Delegates gave standing ovations to Pat Phelan from Waterford Crystal in Ireland and Ron Clark from Visteon.

Pat, a Unite shop steward, told Socialist Worker, “What we learnt from our occupation is that you have to trust the union membership.

“Rank and file workers took over the occupation and ran it themselves. They have a lot of experience and knowledge that the shop stewards don’t have.

“Fighting back always has an impact regardless of what is won – it means that people start demanding to be treated with dignity and respect. There is always a benefit to resisting.”

Pat talked about the threat of racist ideas winning a wider hearing in the recession. “It’s the easy argument to blame someone else,” he said. “But that racist argument has to be confronted at a trade union level.


“If employers are using immigrant labour to drive down the cost then the unions have to fight that by arguing that everybody has to stick together.”

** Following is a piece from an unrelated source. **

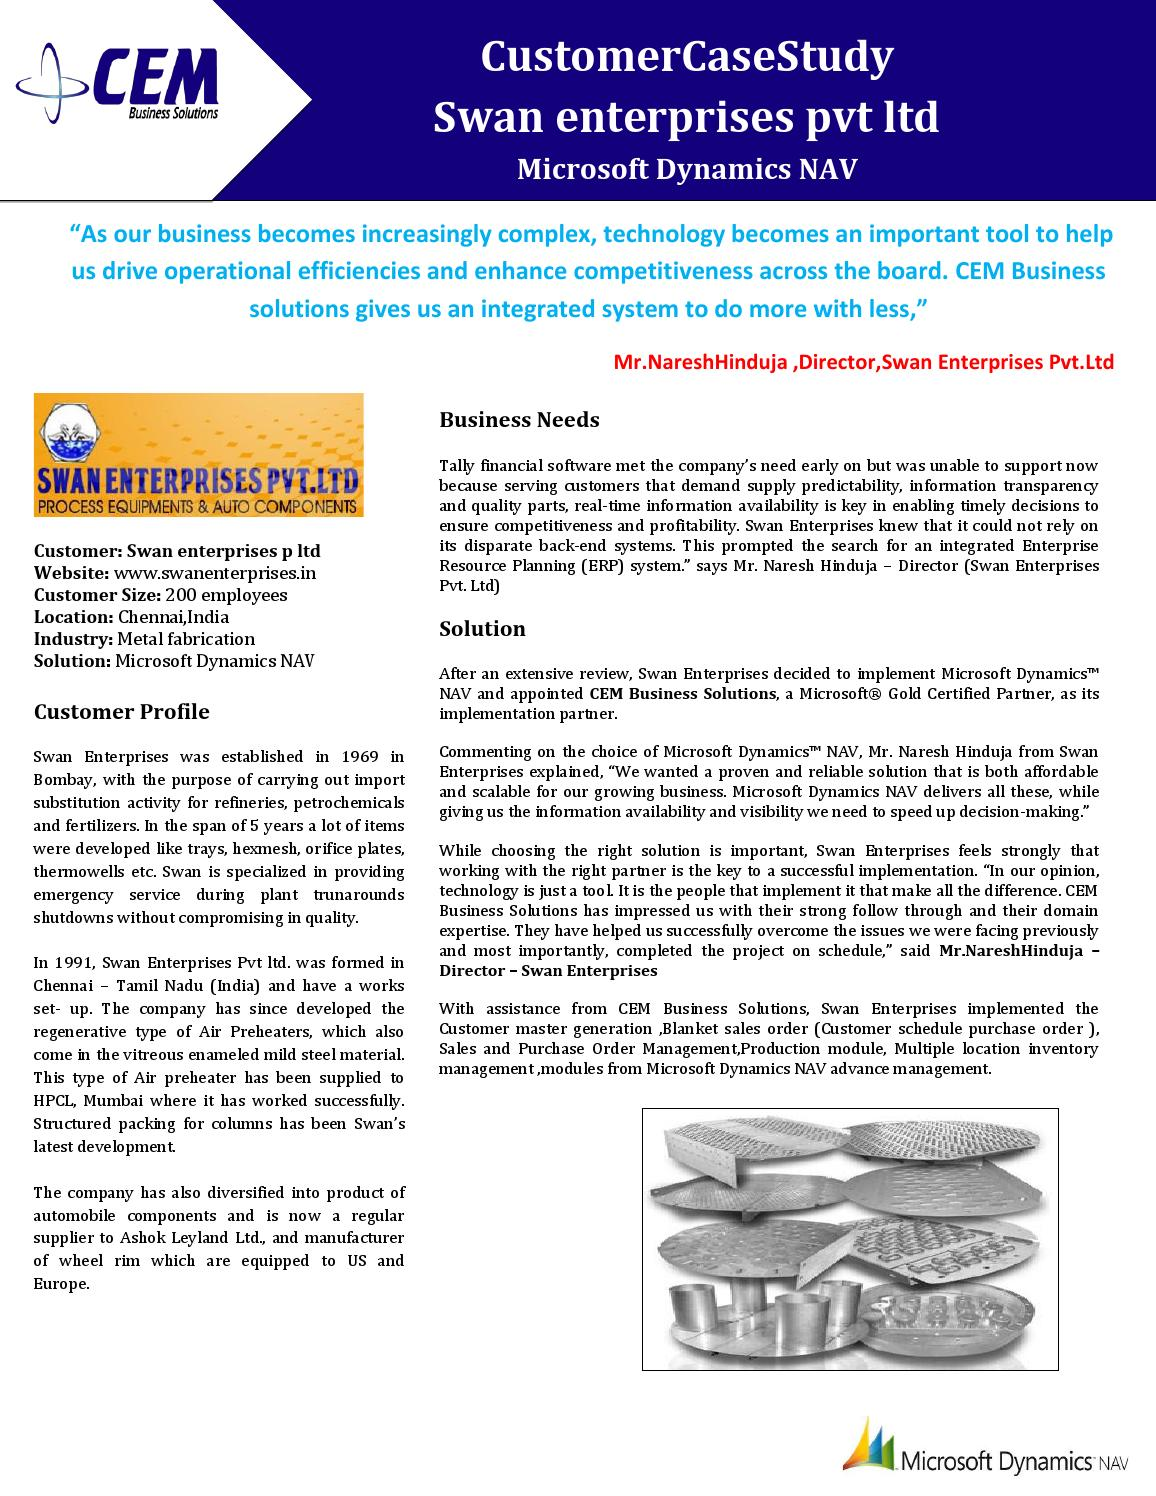 Swan enterprises pvt ltd - Case Study by CEMBS - issuu

The discussion on opposing racism and fighting for jobs for all workers continued throughout the conference.

As Stalin Bermudez, a victimised union rep from Soas, part of the University of London, put it at the opening meeting, “We are workers wherever we come from. Some people want to blame us for the problems in this country. But the only enemy we have is the capitalist.”

The conference voted on a general statement of principles and to focus on building a demonstration over jobs at Labour Party conference on 27 September, which has been called by the UCU lecturers’ union and backed by the NUJ journalists’ union.

Delegates elected a steering committee to mobilise for the protest and initiate Fight for the Right to Work meetings in cities across Britain.